Still, Trump and Pence’s efforts to cast a rosy glow over the coronavirus outbreak appeared to contradict reality as health care workers raise concerns about supply shortages.
“The President may say that things are being produced, but they sure as heck are not showing up in my state or in the states of all of my colleagues across the country,” Dr. Megan Ranney said on CNN shortly after Trump spoke. “We need those masks and gowns now.”
Asked about the discrepancy between his own assessment that “millions” of masks were available and the anecdotal reports of strapped hospitals, Trump couldn’t answer.
“I cannot explain the gap,” he said. “I’m hearing very good things on the ground.”
During a meeting between Trump and a group of nurses at the White House on Wednesday, a large portion of the conversation revolved around securing more personal protection equipment for health care workers on the front lines of the coronavirus outbreak, according to a person who was in the room.
In the discussion, the President sought to understand why there would be a shortage in that equipment now as opposed to the regular flu season, the person said. After some explanation, the President seemed to understand the concept that the supply was not currently meeting the demand.
The nurses in the meeting applauded Trump for signing the Defense Production Act, and were taken aback when it appeared later he wasn’t planning to use it right away to scale up production of badly needed equipment.
“When I saw it on the television,” said Dr.
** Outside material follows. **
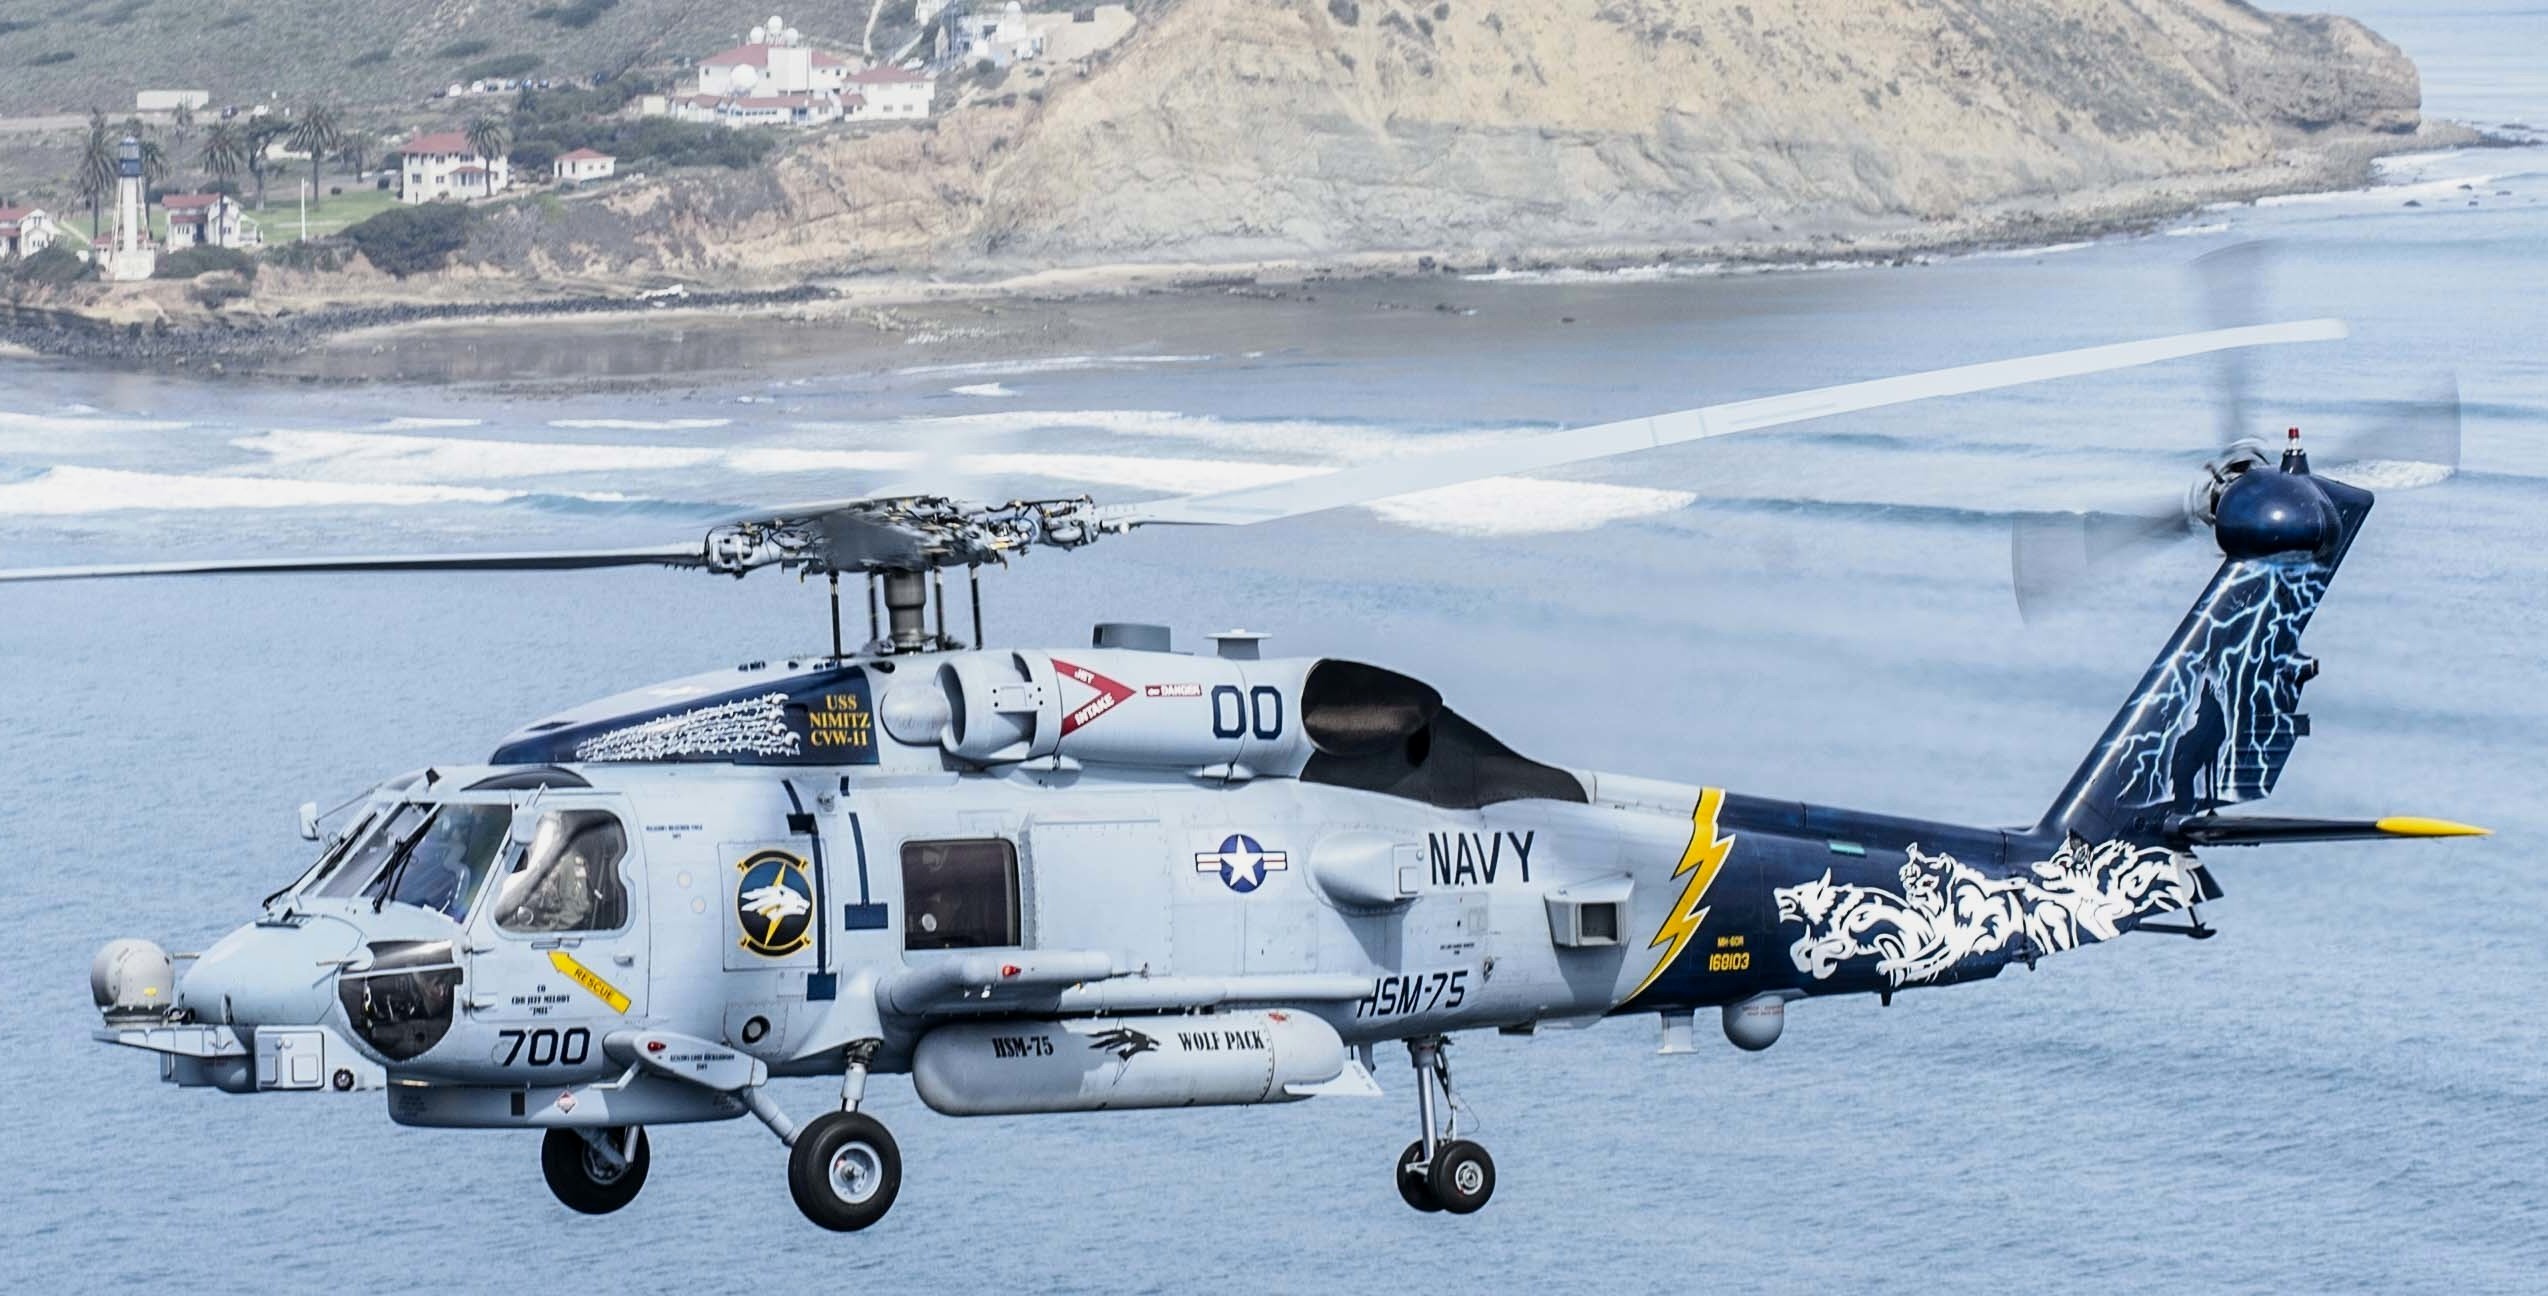 hsm-75 wolf pack helicopter maritime strike squadron mh-60r seahawk special livery painting 39

David Benton, a nursing industry representative who was at the meeting, “I thought, it’s somebody writing the stuff for him.”
“It was so disassociated from what he said this morning at the news conference and what he said to us,” Benton said, describing the tweet as “not connected to where the President was.”
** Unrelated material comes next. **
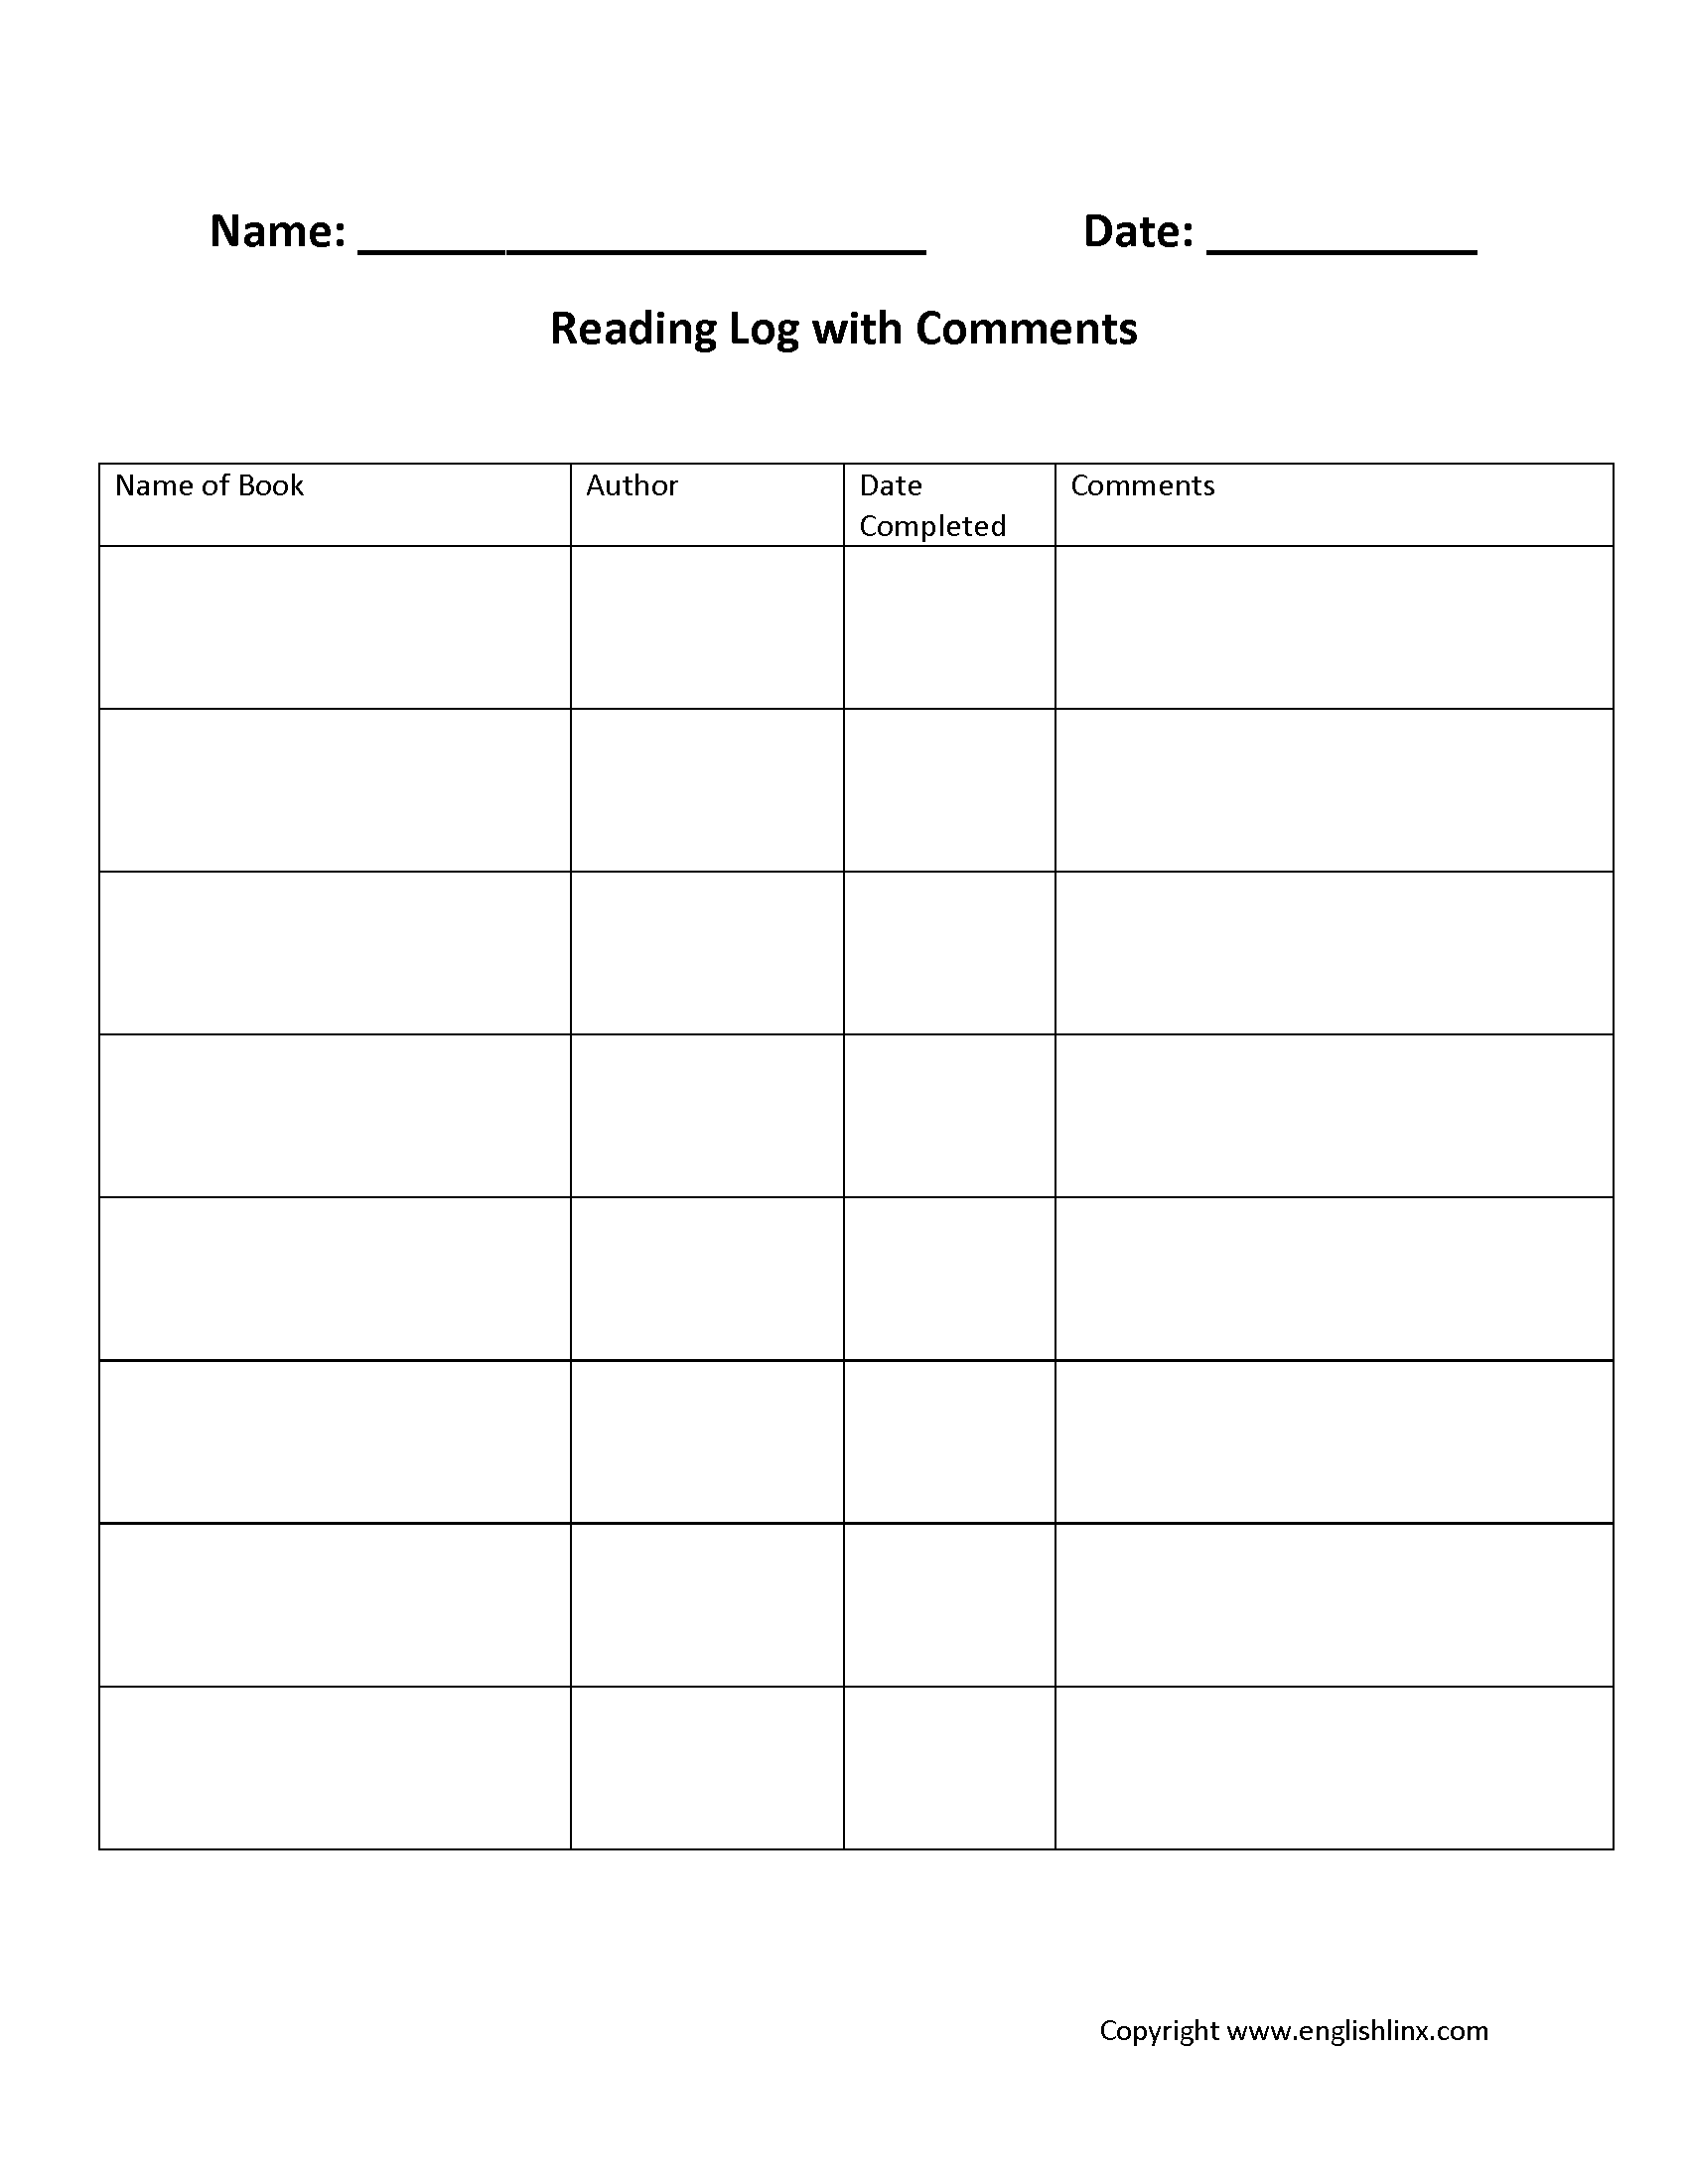 Reading Log with Comments Worksheet

Benton, the CEO of the National Council of State Boards of Nursing, said the need for more supplies was raised several times over the course of the meeting at the White House, both in terms of the need for more personal protective gear and for more ventilators.
“The President did ask about ventilators in terms of how important they were,” Benton said. Members of the group “described to the President how critical these are in terms of getting people back on the road to recovery.”
This story has been updated with additional reporting.